The paper is very well written and tackles a relevant problem. The authors designed and implemented a real system and took it all the way through (Mesos is now a part of Apache Incubator, deployed in Twitter and 40 node RADLab r-cluster). However, I had a few comments on some aspects of the paper:


  1. Granularity of Scheduling: Mesos presents a per-framework scheduler and assumes each framework to do its own scheduling. However, it was unclear to me if that is the right granularity? How about a per job/per framework scheduler? Though this has other issues with re-writing frameworks etc, this would go a long way to ensure per-framework scalability and even prevent potential conflicts due to 2 level-scheduling.

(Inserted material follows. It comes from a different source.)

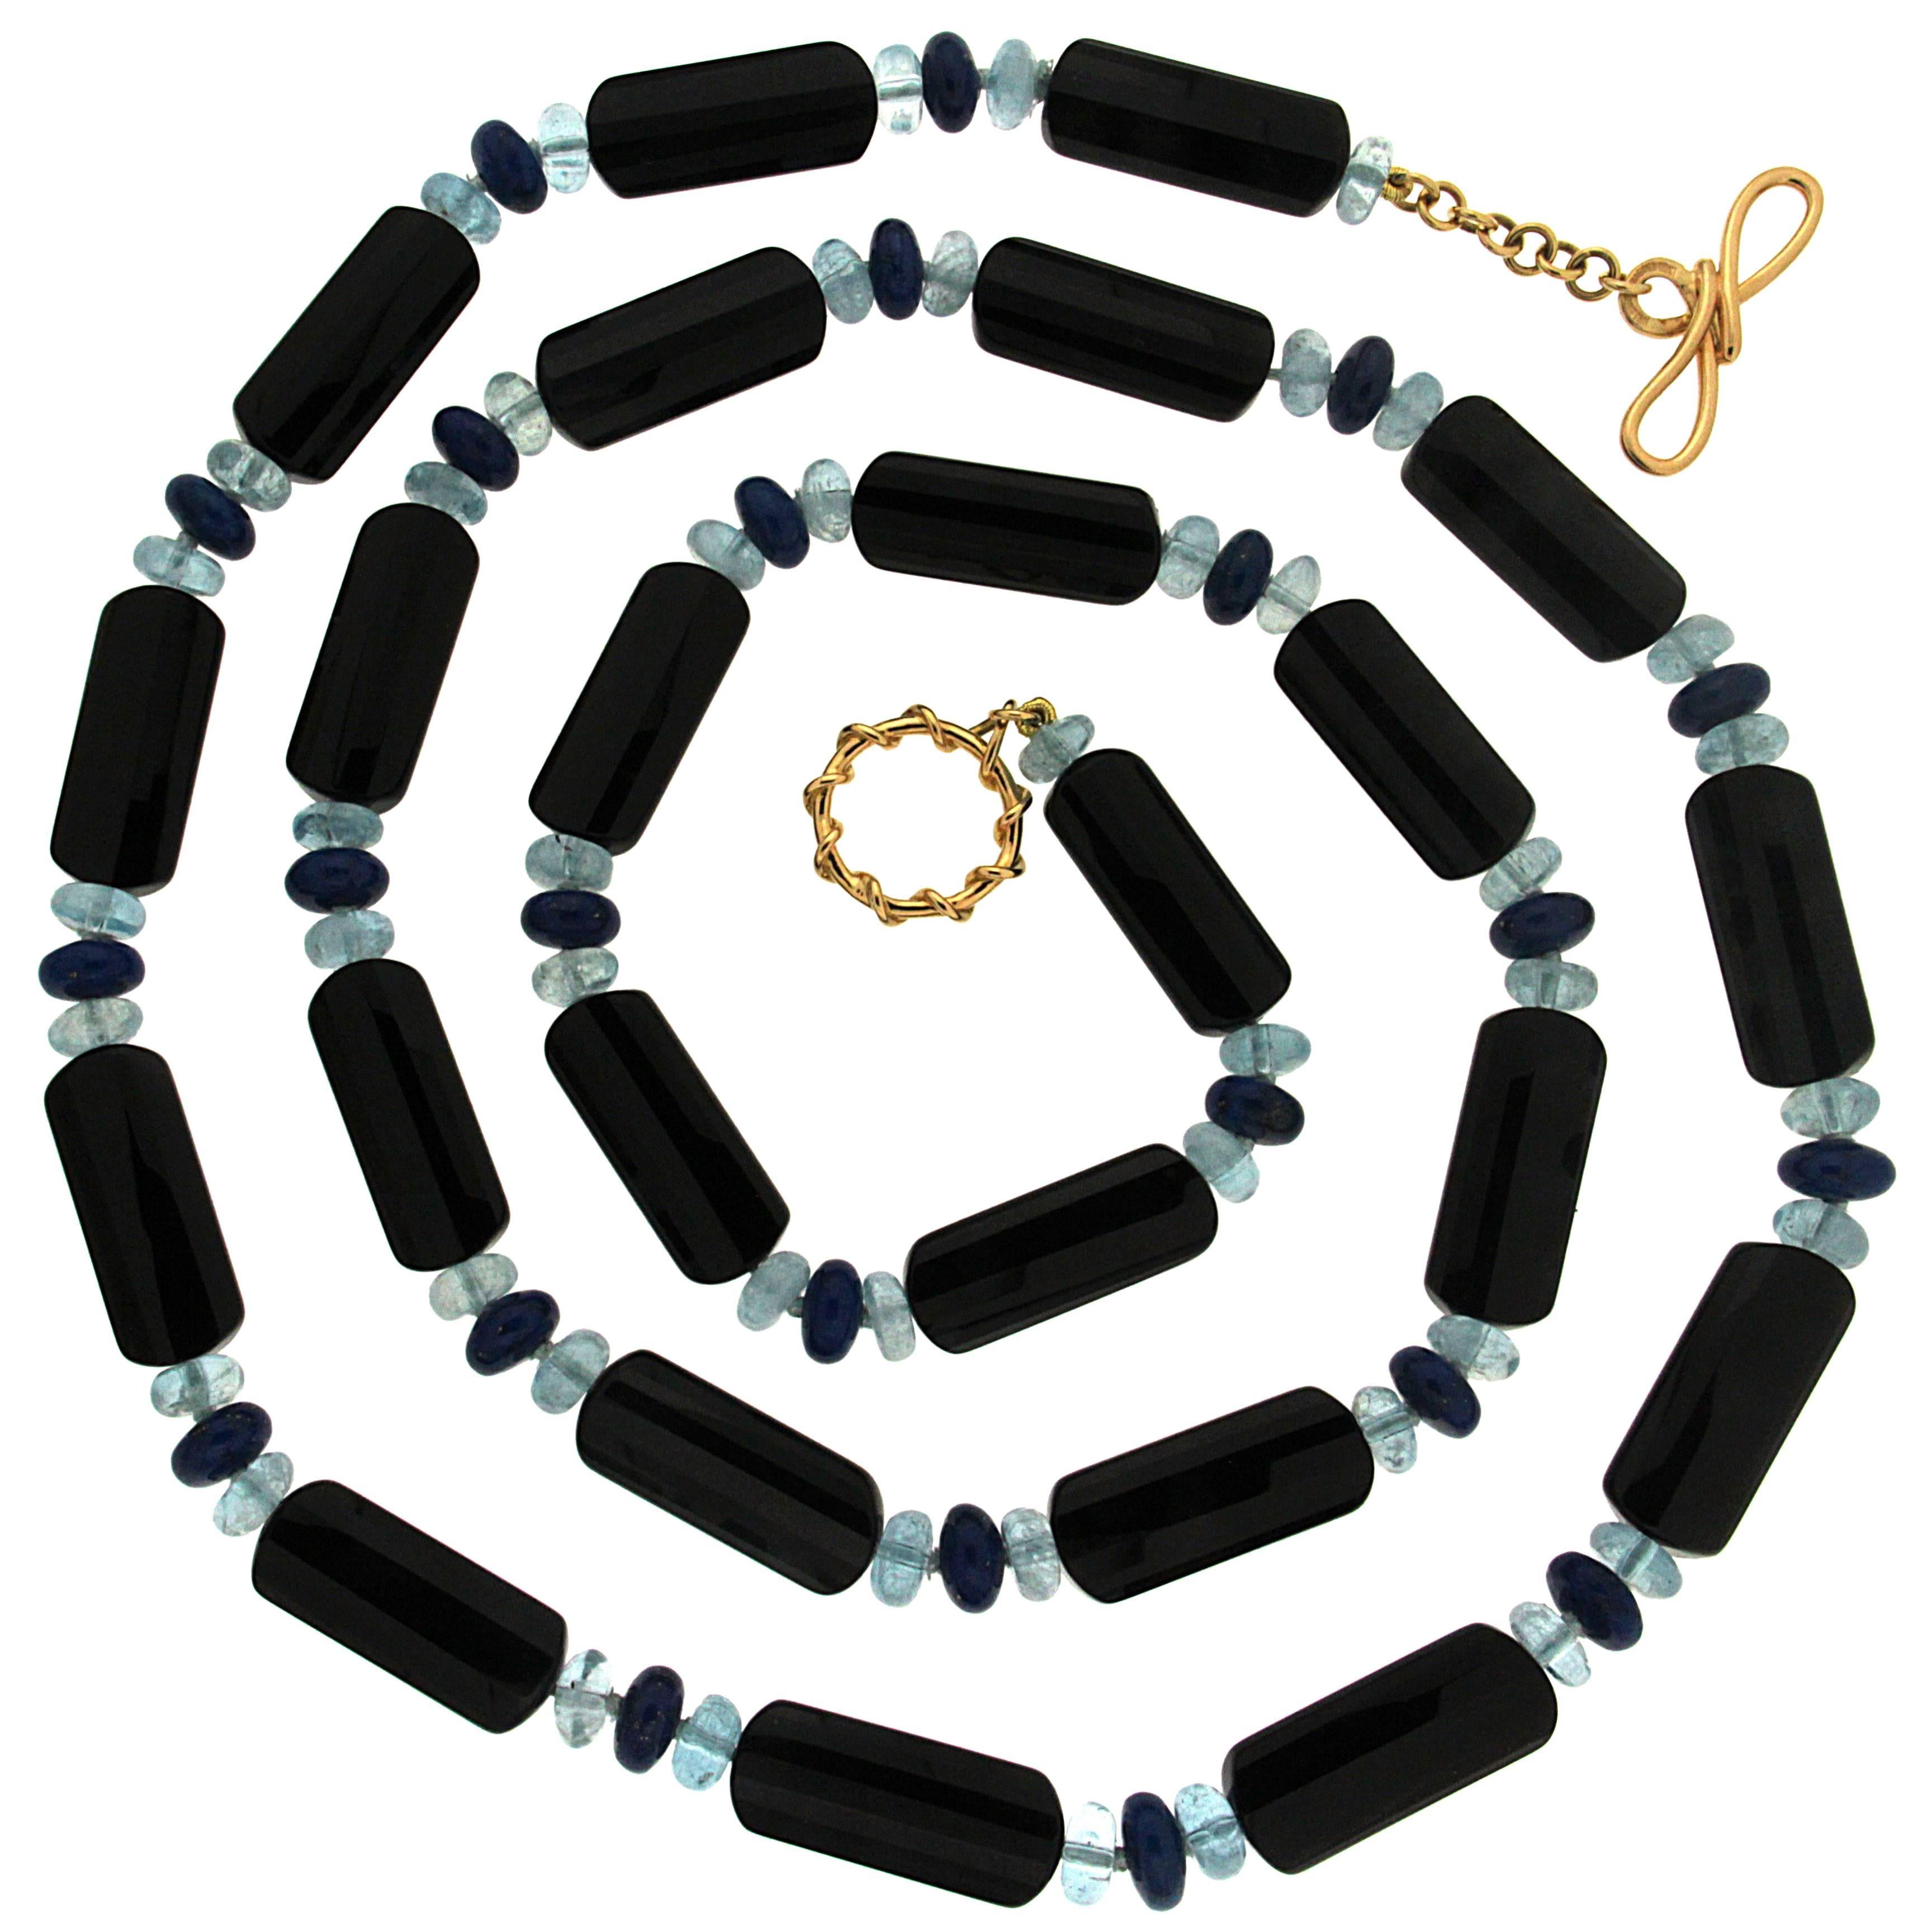 Onyx Tube and Aquamarine Lapis Roundels Necklace

  2. Delay Scheduling in Hadoop: I think it was interesting that delay scheduling was brought up in this paper, however, I was disappointed that the paper just presented some locality improvements in Hadoop that were in no way related to mesos. I was more interested in the implications due to the 2 levels of scheduler policies. For eg. I was curious to know if delay scheduling might work better if the framework spent some time to pause before accepting resource offers.
  3. Task Resource/Duration prediction: While the paper assumes that each framework can exactly specify its resource requirements. While such an assumption is already made by MR frameworks (by having one slot per task), it is unclear to me if it is always possible on a very generic level.